0% of the adjustment factor of the rate of increase in the voting use fees included in the main sentence - 0% - 19% 1.1270% 1,1400 28% 1.1380% 12% 1.1060

(iii) the timing of use;

However, according to Article 19 (1) 19 of the former Urban Development Act, when authorizing an implementation plan, matters about which the designating authority has consulted with the head of the relevant administrative agency regarding permission for use, profit, etc. under the State Property Act regarding the pertinent implementation plan shall be deemed to have obtained permission for use, profit, etc., and according to the above facts and evidences, the land of this case incorporated into an urban development project area was deemed to have been granted permission for use after the consultation with the head of the relevant administrative agency was completed at the time of commencement of the authorized construction work. The land of this case was deemed to have already been deemed to have been granted permission for use, and the plaintiff may use the land of this case without any restriction from around that time. Thus, even if the actual commencement of construction was delayed or some of the land was not used, as alleged by the plaintiff, such circumstance alone cannot be deemed to have been exempted from the obligation to pay rent for use of 10,850 square meters among the land of this case. Thus, the plaintiff'

(2) As to the disposition of imposition of indemnity amounting to KRW 13,580,130 during the disposition of this case

(A) Whether to occupy with a legitimate title

The court's explanation on this part is identical to the reasoning of the judgment of the court of first instance as stated in Article 2(c)(2)(a) of the Administrative Litigation Act and Article 420 of the Civil Procedure Act.

(B) Whether the provisions of the Public Works Act apply

The court's explanation on this part is the same as the reasoning of the judgment of the court of first instance in accordance with Article 8 (2) of the Administrative Litigation Act and the main text of Article 420 of the Civil Procedure Act.

(C) the timing of use;

1) In full view of the contents of evidence No. 2 and evidence No. 2, the Plaintiff may recognize the fact that the Plaintiff started to use the land of this case from October 1, 2006 to October 1, 2006, barring any special circumstance, only the indemnity arising during the period after October 1, 2006 may be imposed on the land of this case.
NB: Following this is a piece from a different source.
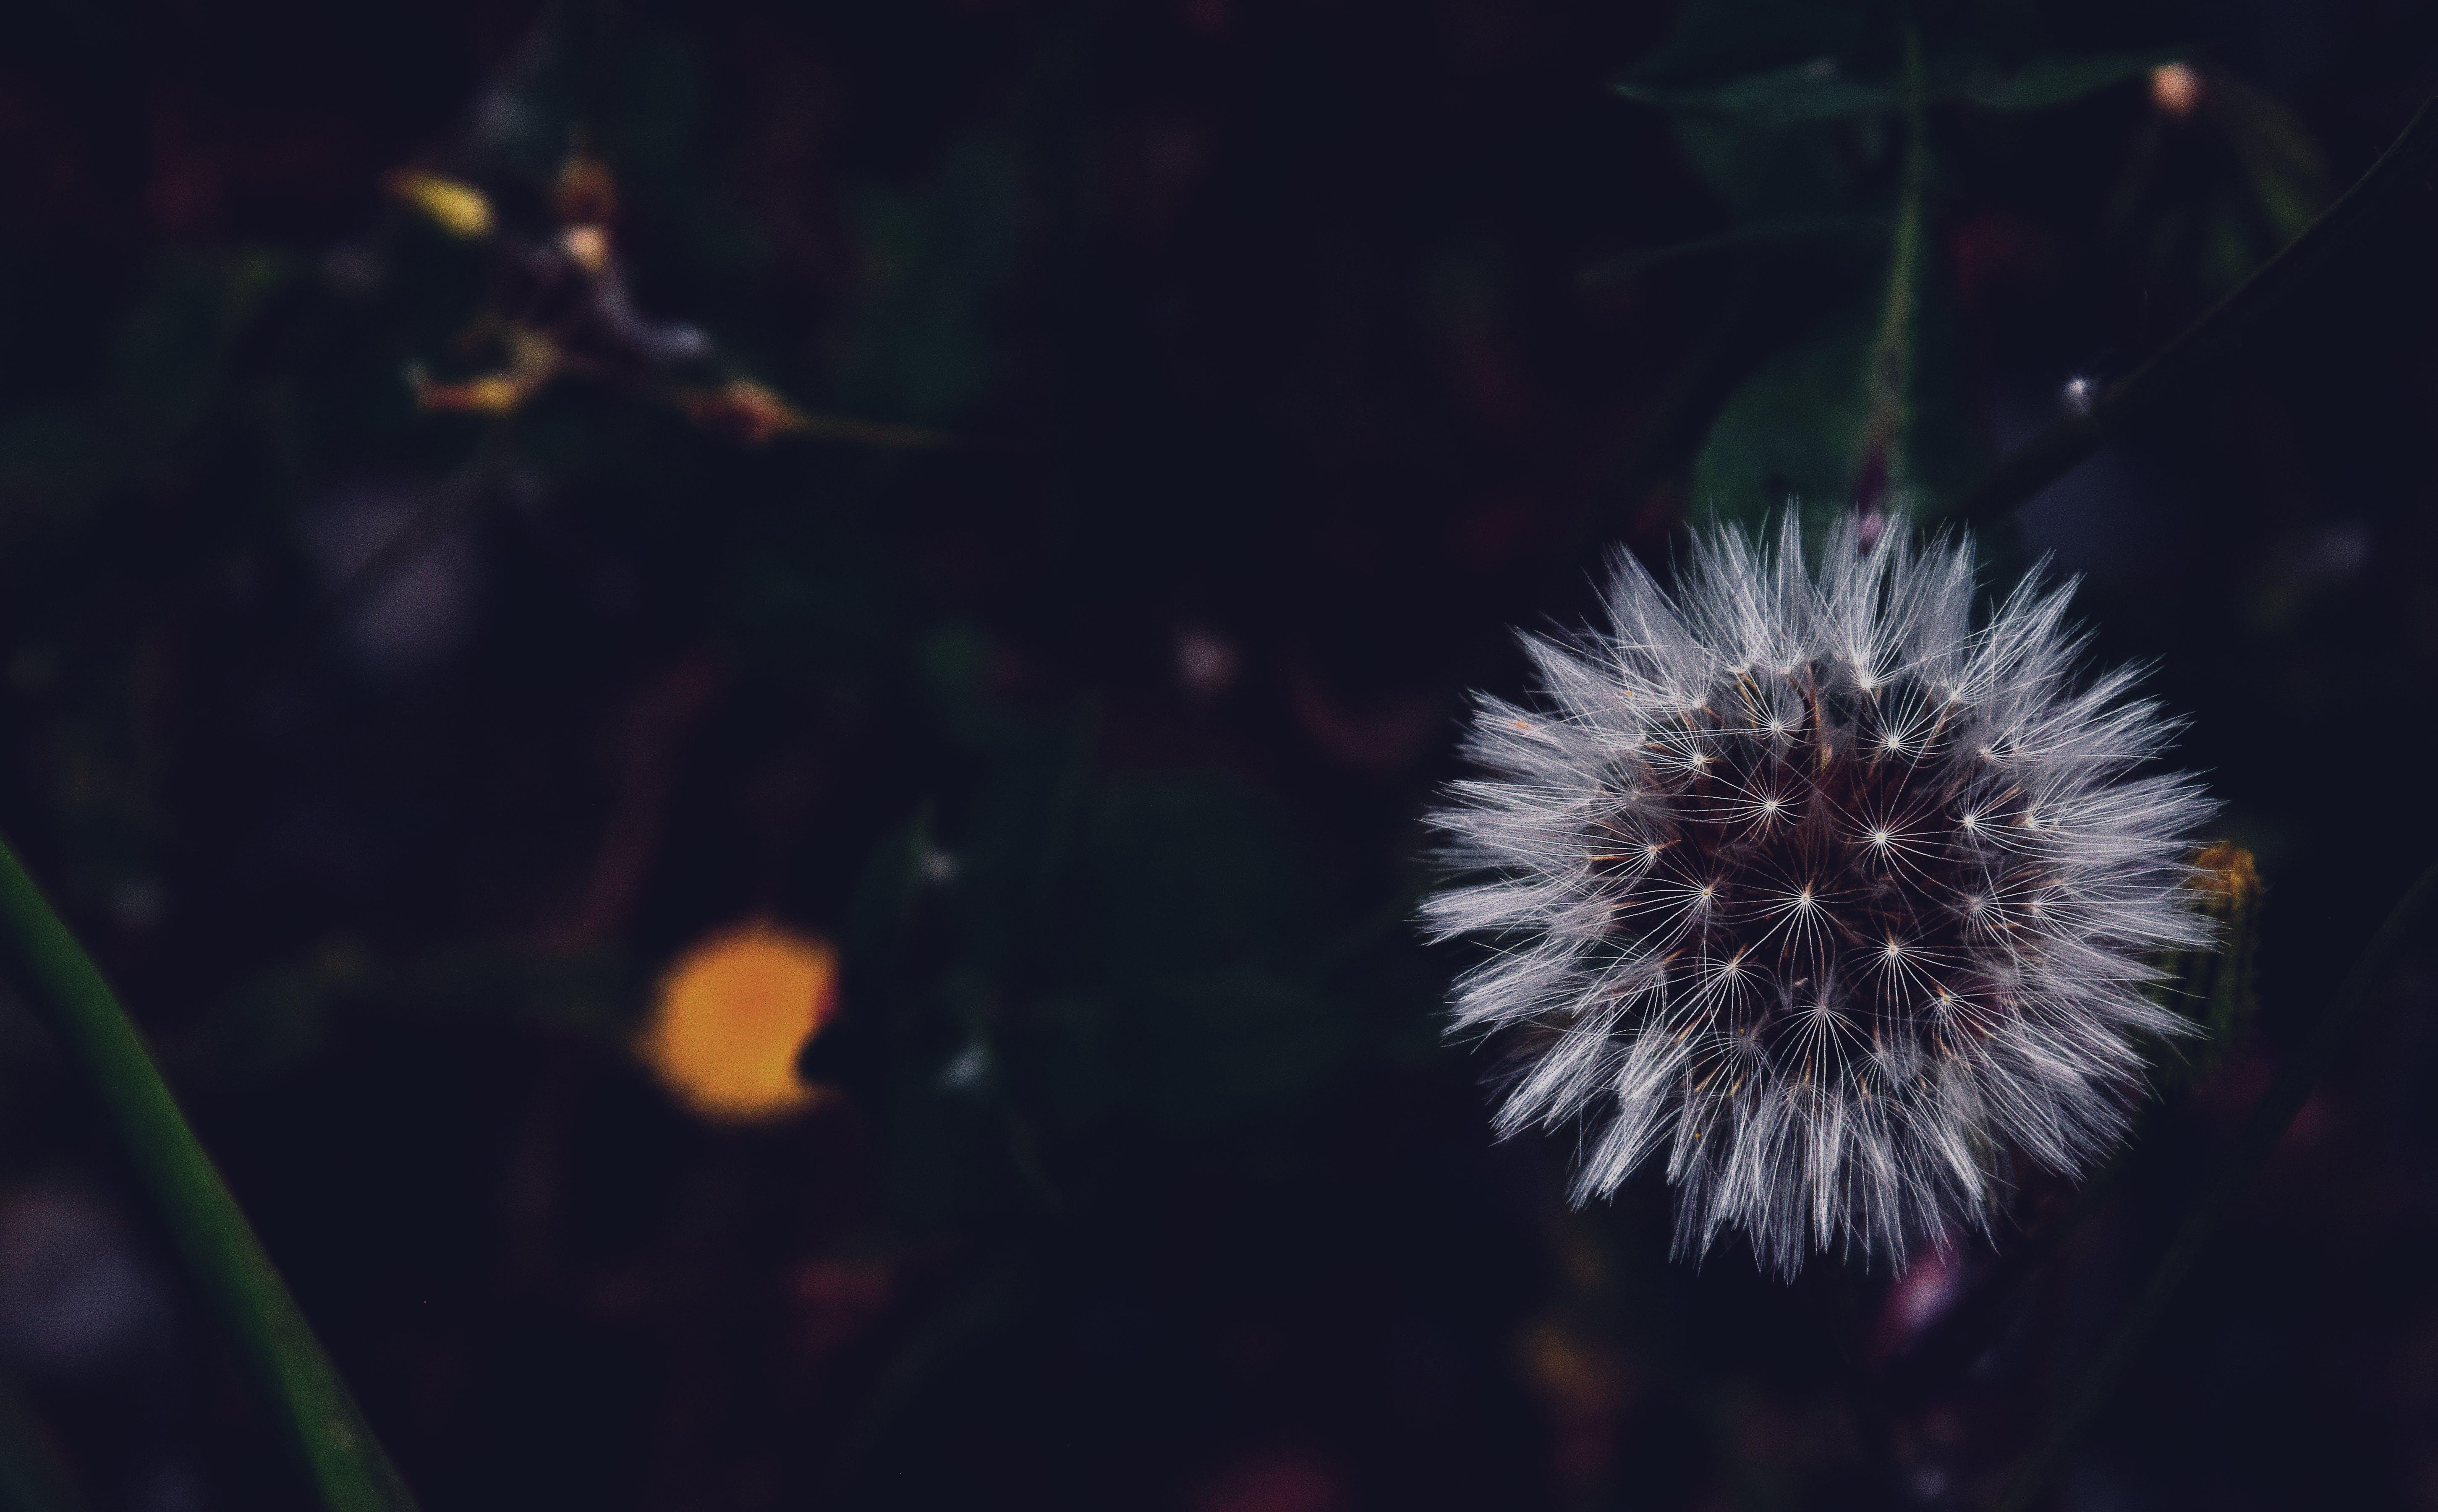 blur, close-up, color

2) Therefore, the portion exceeding the indemnity amounting to KRW 13,580,130, which occurred during the period after October 1, 2006, among the disposition imposing indemnity amounting to KRW 15,147,070 on the land of this case [i.e., the portion exceeding the indemnity amounting to KRW 1,56,950,00 (=1,566,950,000 (i.e., the indemnity amounting to KRW 163 x 2,451,350 ± 255, and evidence No. 4-2)]; and the remaining portion of the disposition imposing indemnity is lawful.

3. Conclusion

Therefore, the plaintiff's claim of this case is justified within the above scope of recognition, and the remaining claim is dismissed as it is without merit. The judgment of the court of first instance is just in conclusion, and the plaintiff's appeal is dismissed. It is so decided as per Disposition.